# 2020 iPhone Photography Award Winners



## Braineack (Aug 19, 2020)

2020 iPhone Photography Award Winners Once Again Proved That Striking Photos Can Be Taken Without An Expensive Camera (45 Pics)

Cool photos, just don't pixel peep.


----------



## BananaRepublic (Aug 19, 2020)

I thing the term expensive depends on your perspective


----------



## Space Face (Aug 19, 2020)

Hmmmmm,  some of them are quite impressive.


----------



## markjwyatt (Aug 19, 2020)

There are some nice pictures. The iPhone may be the ultimate "street" camera, as no one really notices them. I would not say they are not expensive- and iPhone is close to a grand, but the camera component is cheap, maybe $10-30 depending on the phone. A lot of the pictures had a lot of post processing done, but that is par for the course in the digital world.


----------



## TreeofLifeStairs (Aug 19, 2020)

I agree, there are some good ones but what makes them good is the photographer not the camera. I didn’t look through all of them but the ones I did look at have great composition which has nothing to do with the camera. 
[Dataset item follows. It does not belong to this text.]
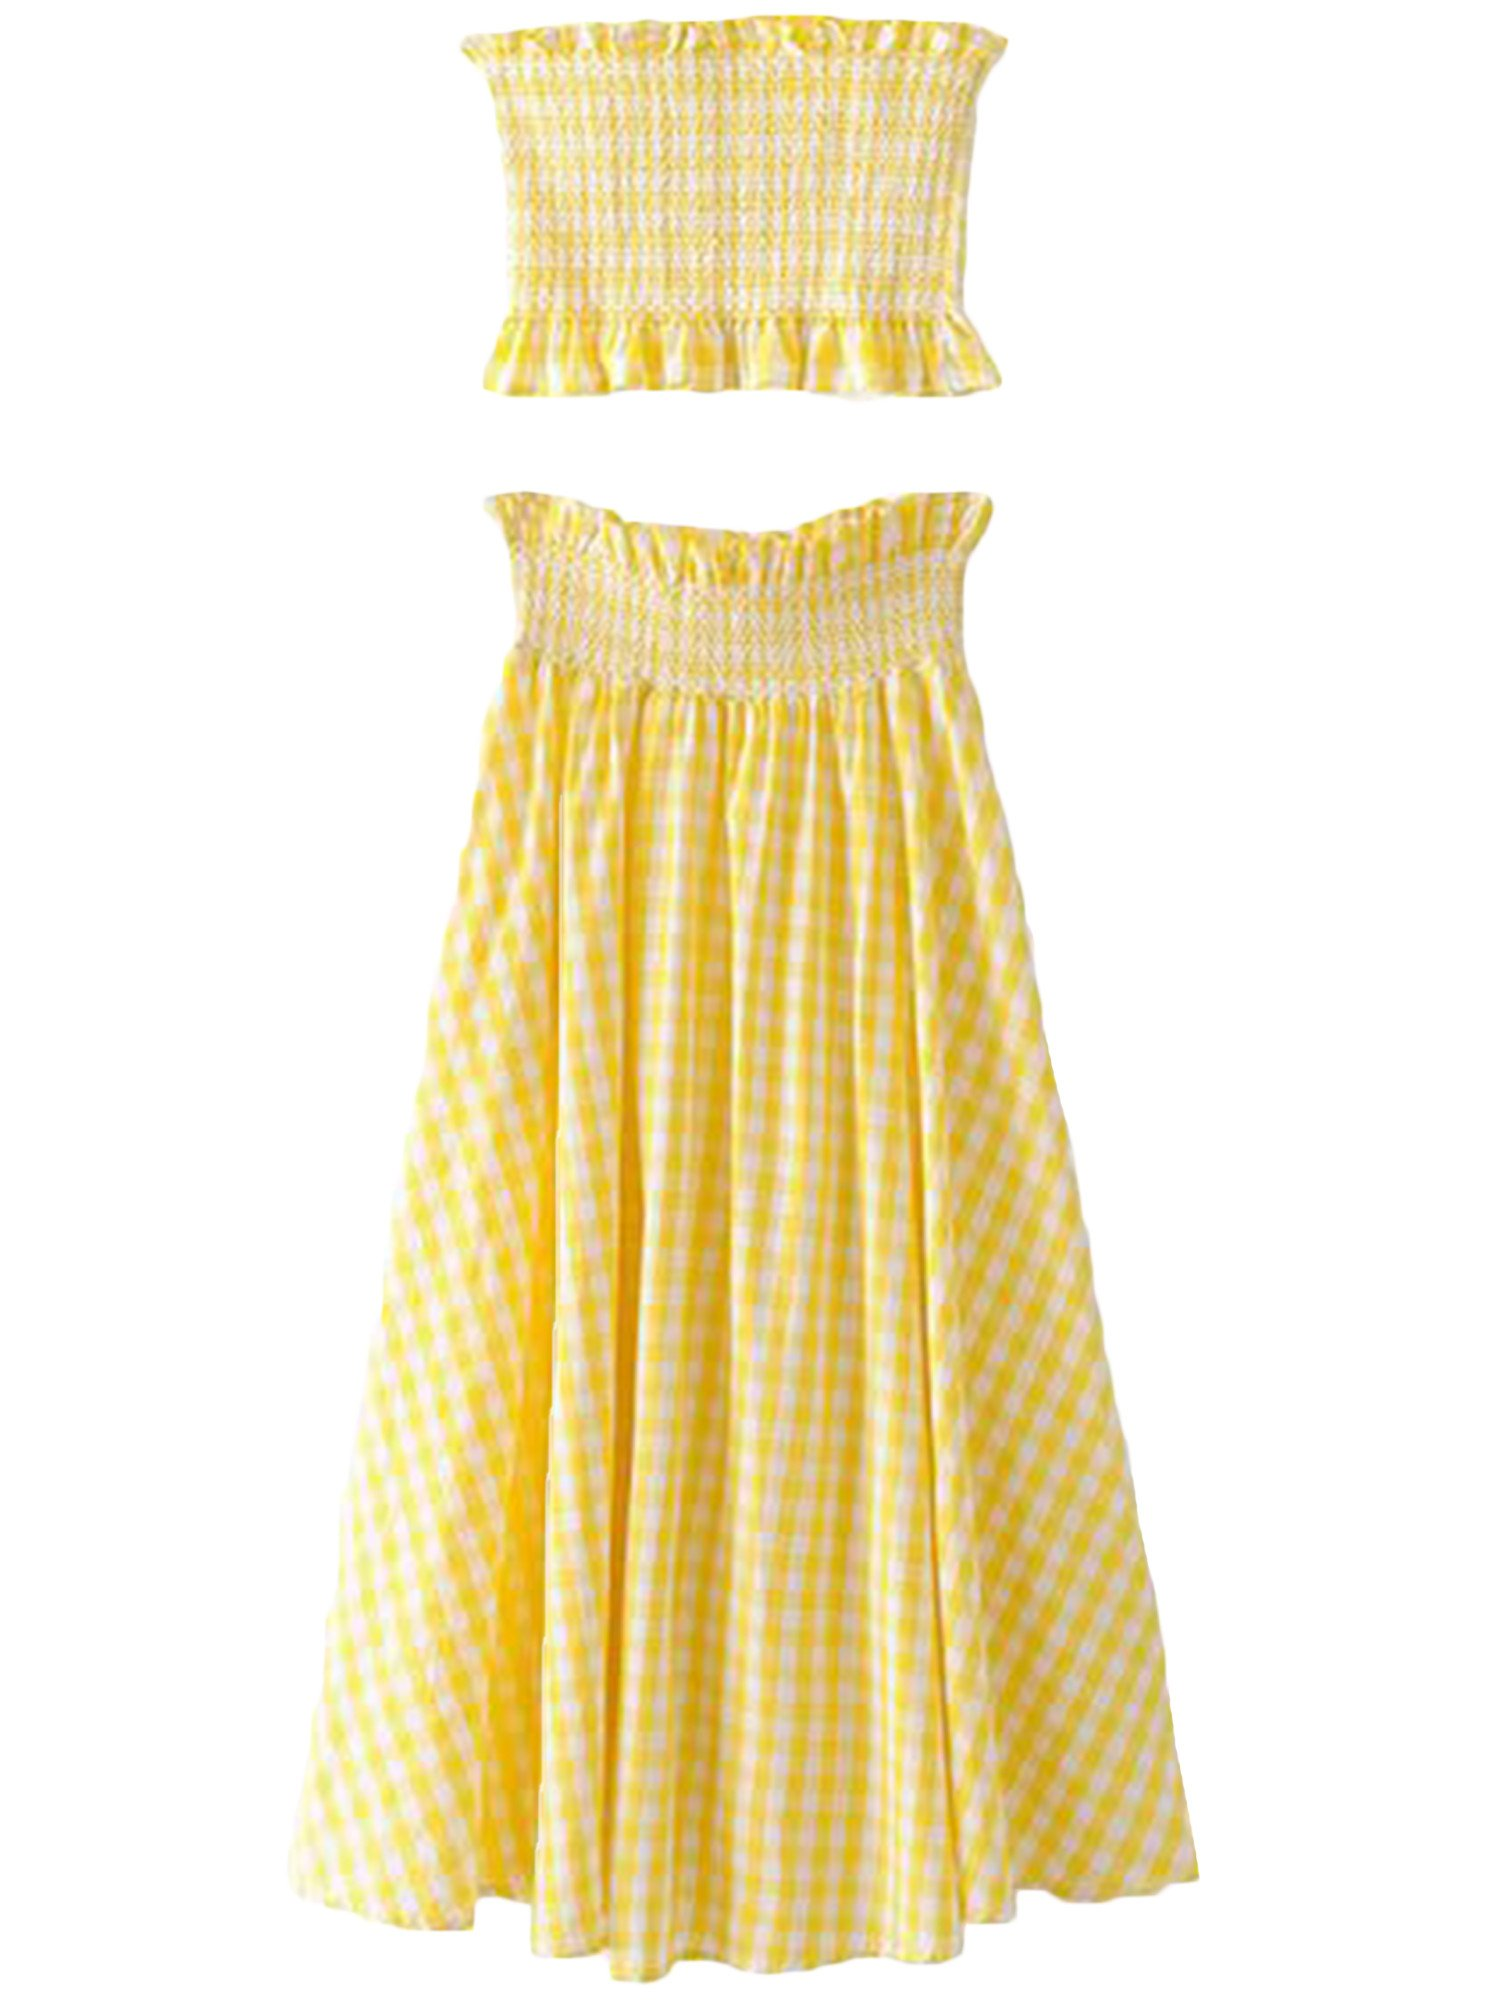 'Rita' Filly Plaid Midi Skirt Co Ords
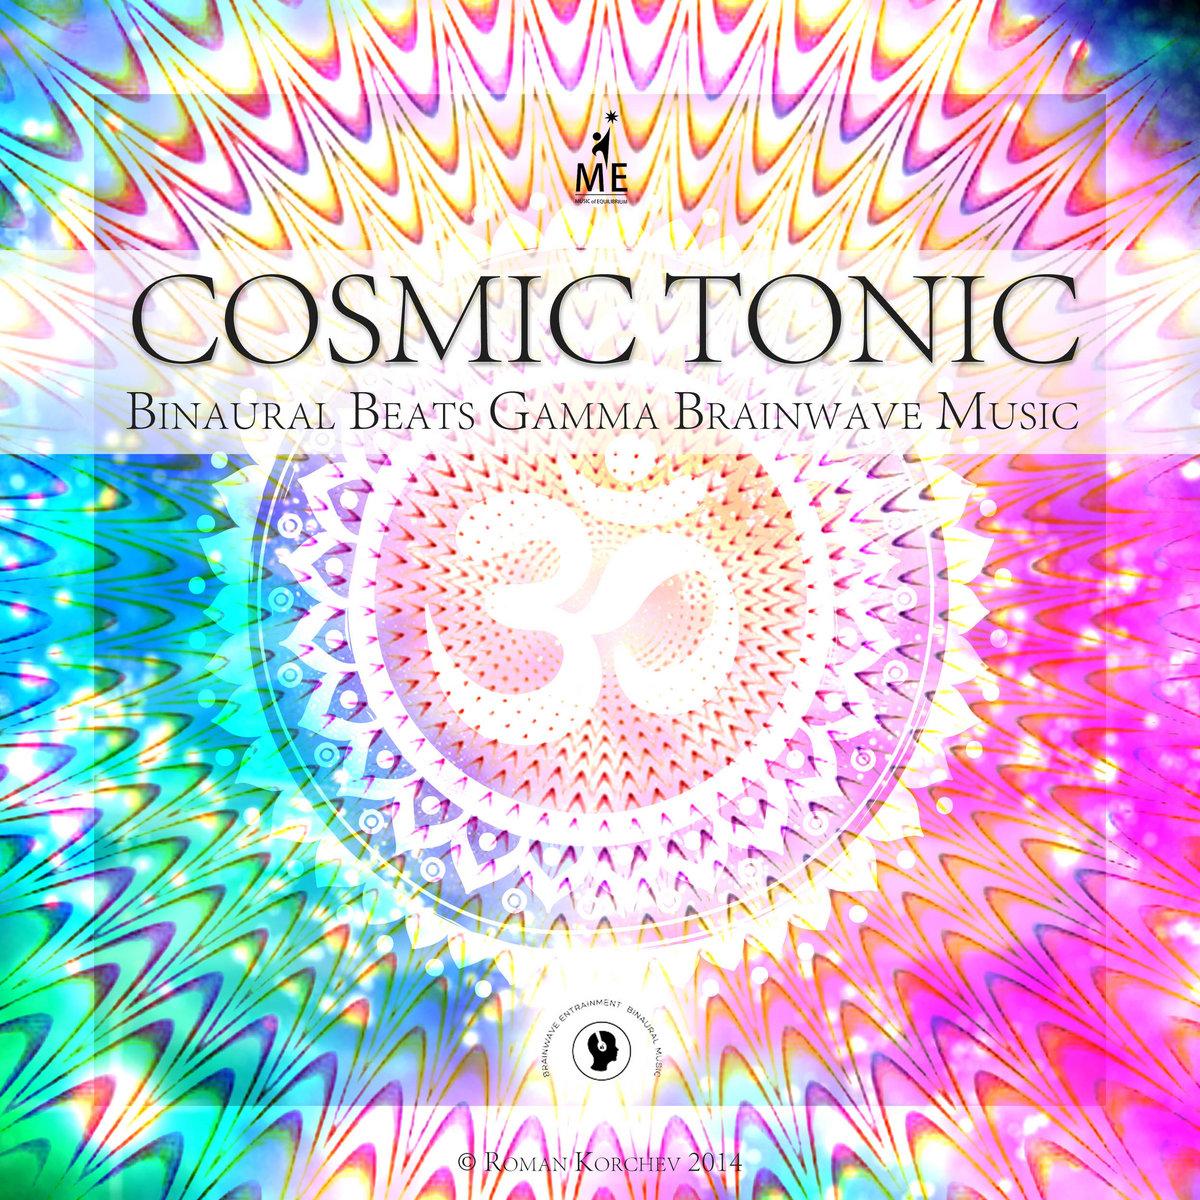 Cosmic Tonic - Binaural Beats Gamma Brainwave Music | Roman Korchev

Think of all the billions of sub par pictures that are taken with a phone camera and these are a collection of some of the best and there’s only 75.


----------



## markjwyatt (Aug 19, 2020)

TreeofLifeStairs said:


> I agree, there are some good ones but what makes them good is the photographer not the camera. I didn’t look through all of them but the ones I did look at have great composition which has nothing to do with the camera.
> 
> Think of all the billions of sub par pictures that are taken with a phone camera and these are a collection of some of the best and there’s only 75.



True, but I am sure there are plenty of subpar pictures taken with Nikon DSLRs also. I think the point is iPhone has some capability to produce good photographs.


----------



## Derrel (Aug 19, 2020)

Most of these photos rely heavily on subject matter and location. the majority of these locations or scenes are quite beautiful and impressive and I think that almost any camera could have made these pictures. One needs to separate subject matter from photographic technique. Some of these locations would no doubt take quite a bit of effort to get to, and no matter what camera the photographer might have pulled out,in most cases a good photo could have been made. I looked at all 45 photos, and in a couple of them good timing was important, but in others it was pretty much a matter of being there--like the old expression f8 and be there. If you are in a target-rich environment it is fairly easy to make multiple decent photos or better. I am not trying to diminish the photos but as I said the majority of them are heavily subject matter dependent.these are contest-winning photos.


----------